The as.Date function is a built-in function able to handle dates (without time, without control zone). The chron library handles dates and times (without control zones). POSIXct and POSIXlt classes allow for dates and times with control for time zones.

### as.Date

The as.Date function allows a variety of input formats through the format = argument. The default format is a four digit year, followed by a month, then a day, separated by either dashes or slashes


In [30]:
as.Date('1915-6-16')

[1] "1915-06-16"

| Code | Value         
| :- |:-------------
| %d | Day of the month (decimal) 
| %m | Month (decimal)
| %b | Month (abbreviated name)
| %B | Month (full name)
| %y | Year (2 digits)
| %Y | Year (4 digits)



In [31]:
as.Date('01/15/2001',format='%m/%d/%Y')

[1] "2001-01-15"

In [32]:
 as.Date('April 26, 2001',format='%B %d, %Y')

[1] "2001-04-26"

**Internally, Date objects are stored as the number of days since January 1, 1970**, using negative numbers for earlier dates. The as.numeric function can be used to convert a Date object to its internal form.

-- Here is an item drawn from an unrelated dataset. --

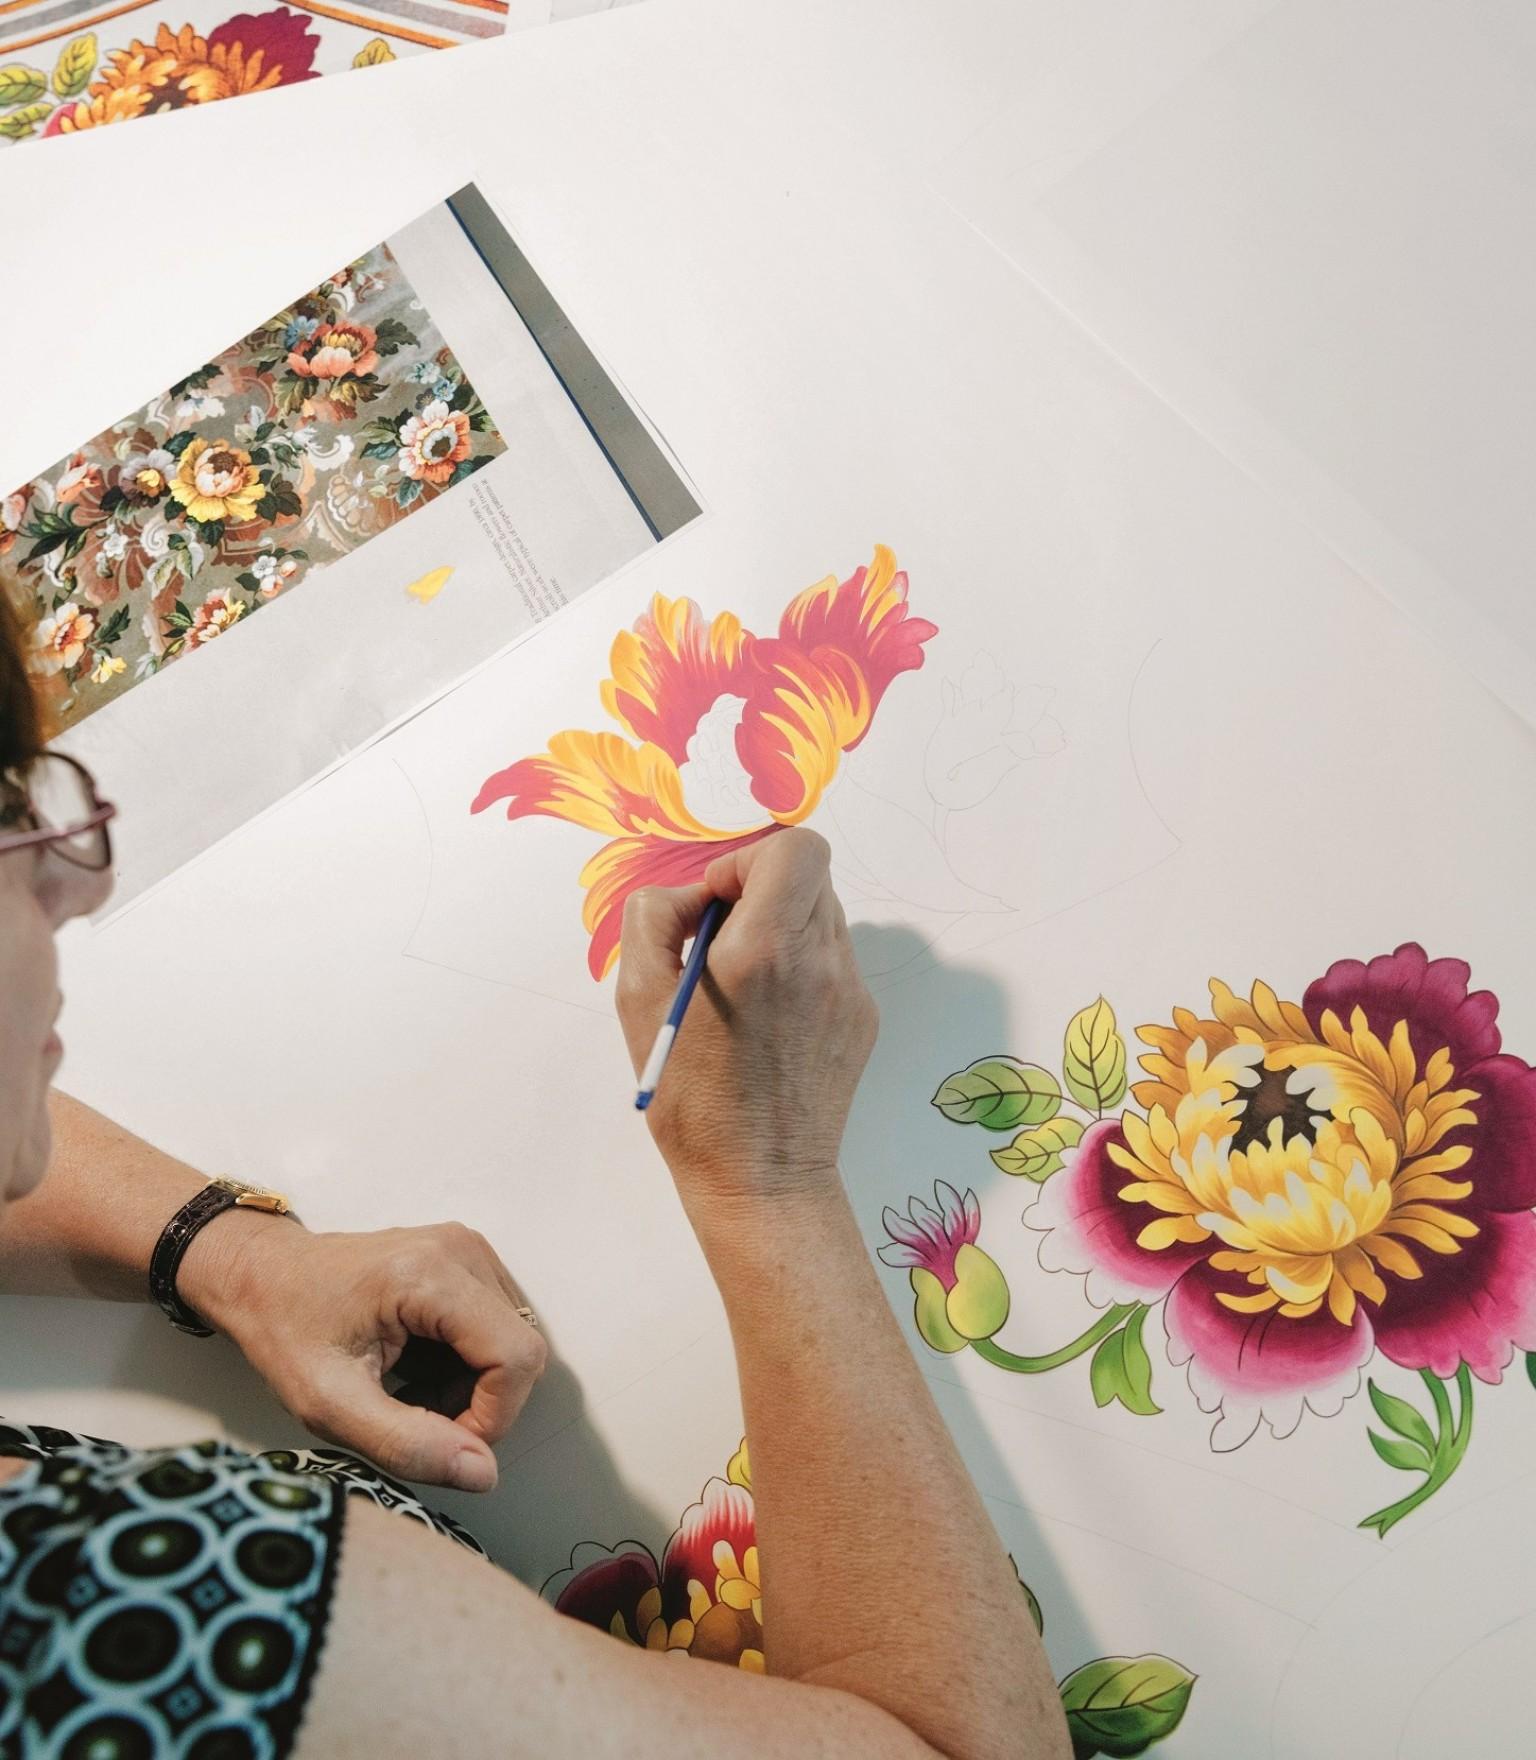 Dessin floral peint sur papier

To extract the components of the dates, the weekdays, months, days or quarters functions can be used.

In [33]:
bdays = c(tukey=as.Date('1915-06-16'),fisher=as.Date('1890-02-17'),
          cramer=as.Date('1893-09-25'), kendall=as.Date('1907-09-06'))
weekdays(bdays)
months(bdays)

### chron
This class is a good option when you don’t need to deal with timezones. It requires the package chron.

In [34]:
require(chron)

Loading required package: chron


In [35]:
#create some times:

tm1.c <- as.chron("2013-07-24 23:55:26")
tm1.c

[1] (07/24/13 23:55:26)

In [36]:
attributes(tm1.c)

In [37]:
tm2.c <- as.chron("07/25/13 08:32:07", "%m/%d/%y %H:%M:%S")
tm2.c

[1] (07/25/13 08:32:07)

In [38]:
#extract just the date:

dates(tm1.c)

    day  
07/24/13 

In [39]:
#compare times:

tm2.c > tm1.c

In [40]:
#add days:

tm1.c + 10


[1] (08/03/13 23:55:26)

In [41]:
#calculate the differene between times:
tm2.c - tm1.c

[1] 08:36:41

In [42]:
difftime(tm2.c, tm1.c, units = "hours")
## Time difference of 8.611 hours

Time difference of 8.611389 hours

In [43]:
#does not adjust for daylight savings time:

as.chron("2013-03-10 08:32:07") - as.chron("2013-03-09 23:55:26")


[1] 08:36:41

### POSIXct
This class enables easy extraction of specific componants of a time. (“ct” stand for calender time and “lt” stands for local time. “lt” also helps one remember that POXIXlt objects are lists.)

In [44]:
#Get the current time (in POSIXct by default):

Sys.time()

[1] "2016-12-28 16:43:12 CET"

In [45]:
#create some POSIXct objects:

tm1 <- as.POSIXct("2013-07-24 23:55:26")
tm1

[1] "2013-07-24 23:55:26 CEST"

In [46]:
attributes(tm1)

In [47]:
tm2 <- as.POSIXct("25072013 08:32:07", format = "%d%m%Y %H:%M:%S")
tm2

[1] "2013-07-25 08:32:07 CEST"

In [48]:
#specify the time zone:

tm3 <- as.POSIXct("2010-12-01 11:42:03", tz = "GMT")
tm3

[1] "2010-12-01 11:42:03 GMT"

In [49]:
tm2 > tm1

In [50]:
tm2 - tm1

Time difference of 8.611389 hours

In [51]:
tm1
tm1 + 30

[1] "2013-07-24 23:55:26 CEST"

[1] "2013-07-24 23:55:56 CEST"

In [52]:
#automatically adjusts for daylight savings time:

as.POSIXct("2013-03-10 08:32:07") - as.POSIXct("2013-03-09 23:55:26")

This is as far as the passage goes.